On all shells in common use today, you're able to customize the appearance of the command prompt. I like to customize mine so that it shows me both the name of the computer I'm on and my working directory. That way, I always know where I am. (The computer name part helps me realize if the terminal window I'm using has been used to SSH into a remote server.) For example, when I open a new terminal window on my laptop, which I call Plastico, I see this:

Plastico ~> cd Desktop/
Plastico ~/Desktop> cd ~/Sites/
Plastico ~/Sites/> cd /usr
Plastico /usr> 

You can see that it's abbreviating my home directory as ~. I find doing this for my terminal prompts is incredibly handy - I always know at a glance exactly where I am, even more so than I would by looking at a Finder window.
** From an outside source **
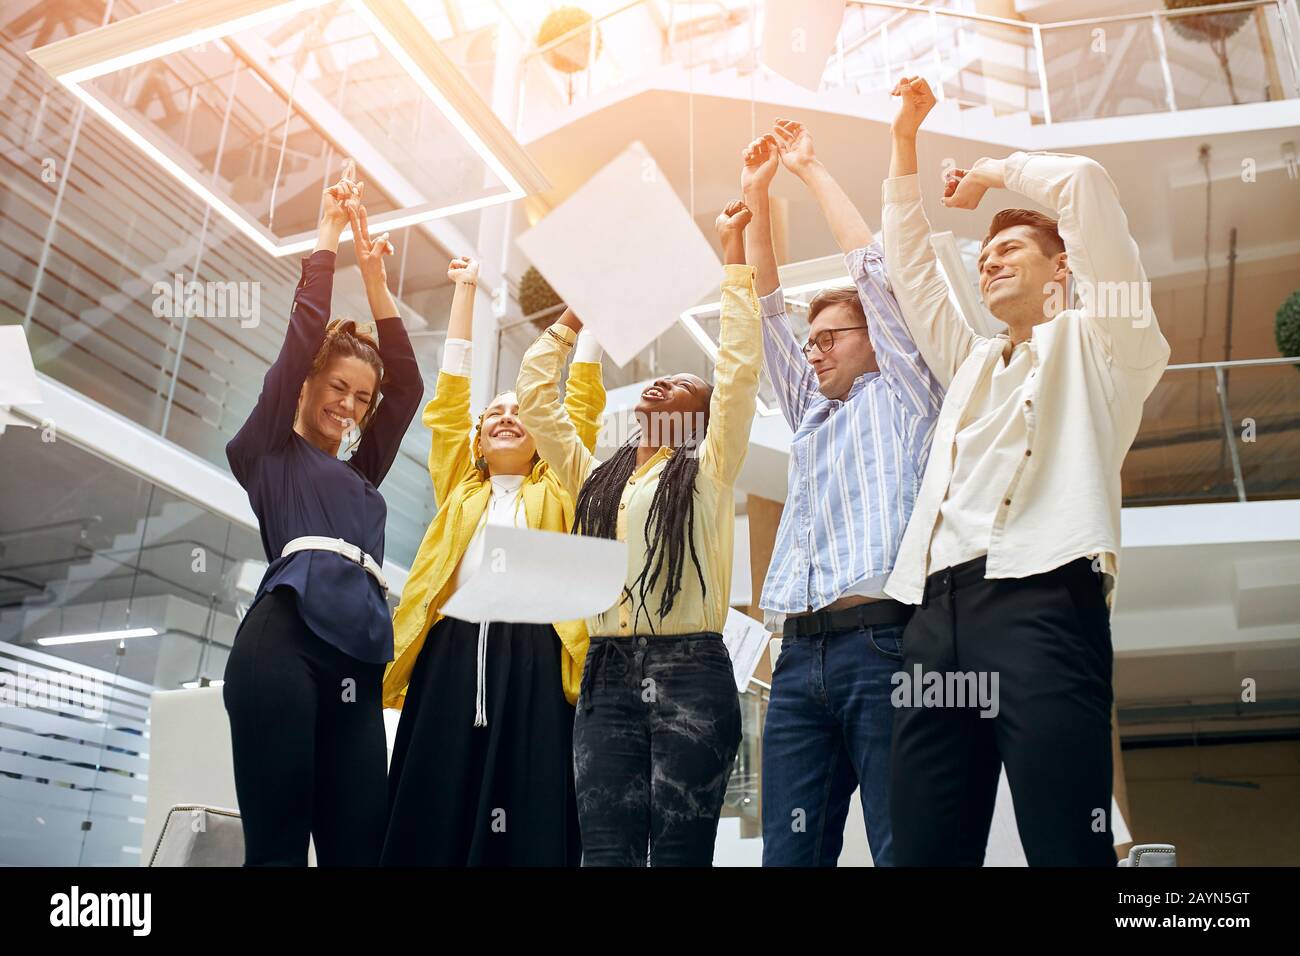 il vivace team aziendale celebra la vittoria aziendale insieme in ufficio, il felice gruppo di professionisti gioiosi gioisce per la vittoria Foto Stock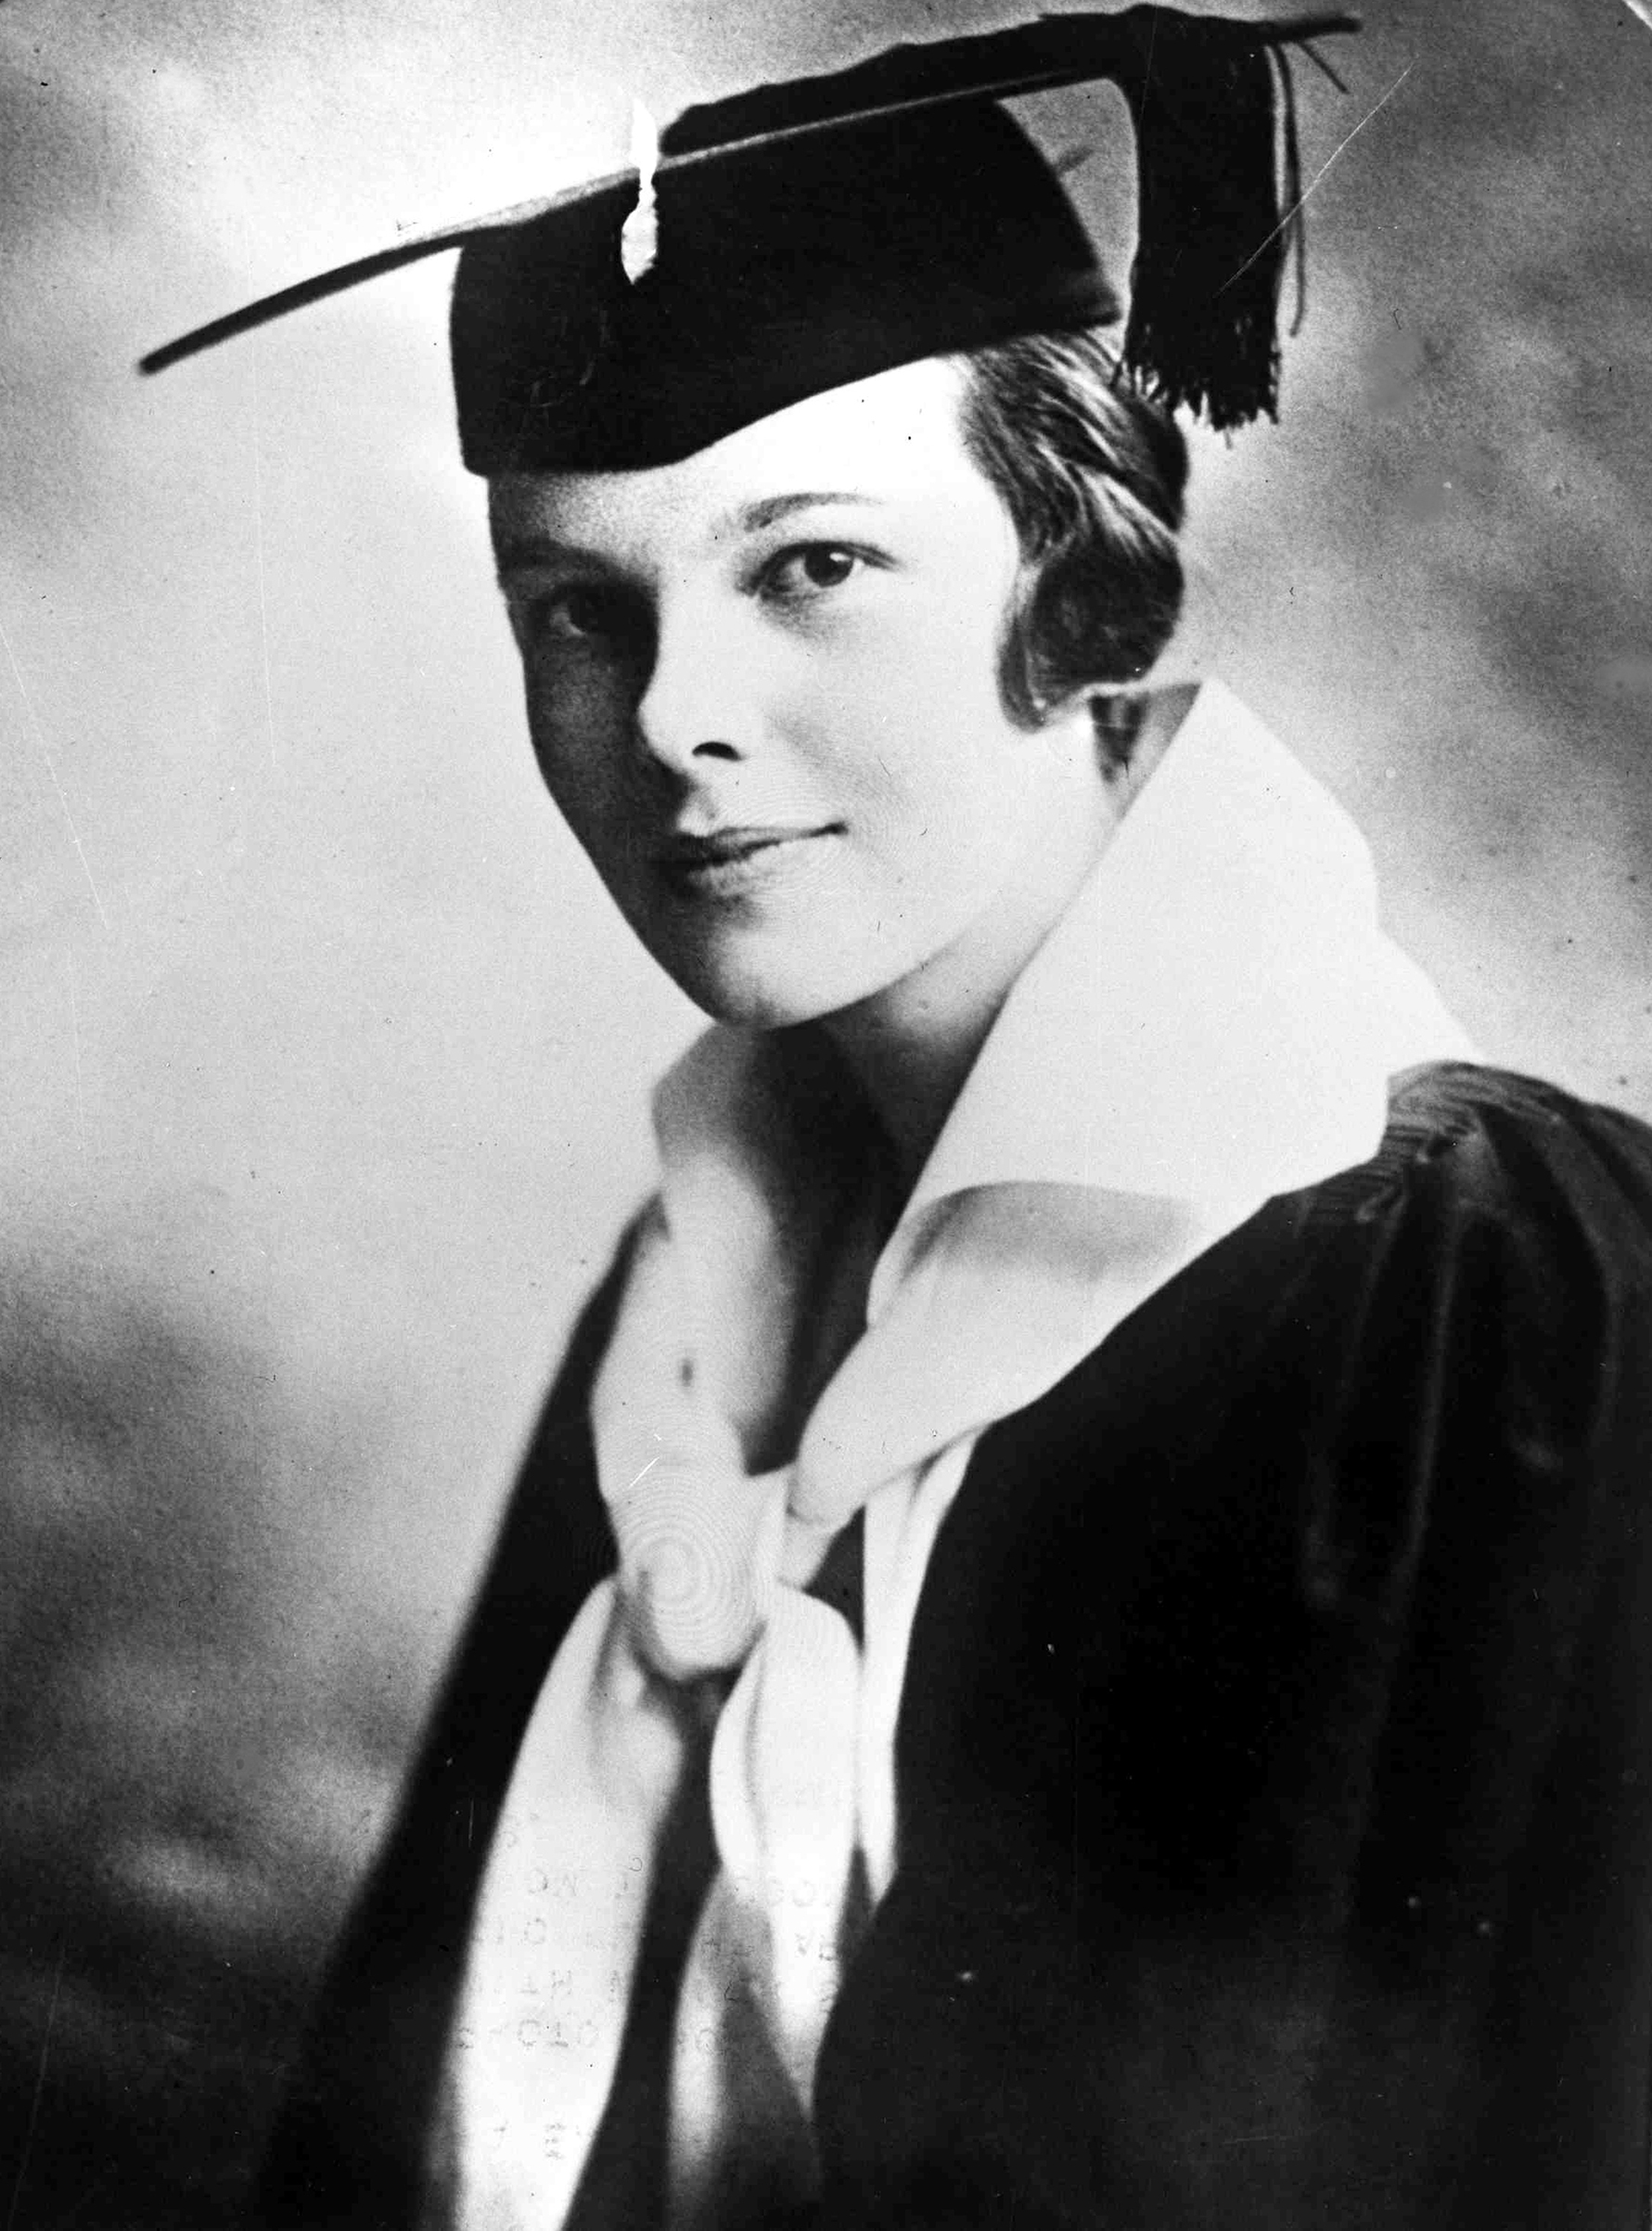 Amelia Earhart when she graduated from Ogontz School in Philadelphia in 1918.

On tcsh, I do this by adding set prompt = 'Plastico %~%# ' to my .tcshrc file in my home directory. I've done it on ksh too by adding export PS1="Plastico $PWD $ " to my .profile file. But being a Linux user, you probably use Bash, which I don't have much experience with (I'm a weirdo like that). But it looks like I might be able to do it by adding PS1="Plastico \w $ " to my .bashrc file.

Edit: Just noticed the OP states you're interested in sh, not bash. Oh well; hope folks find this useful regardless.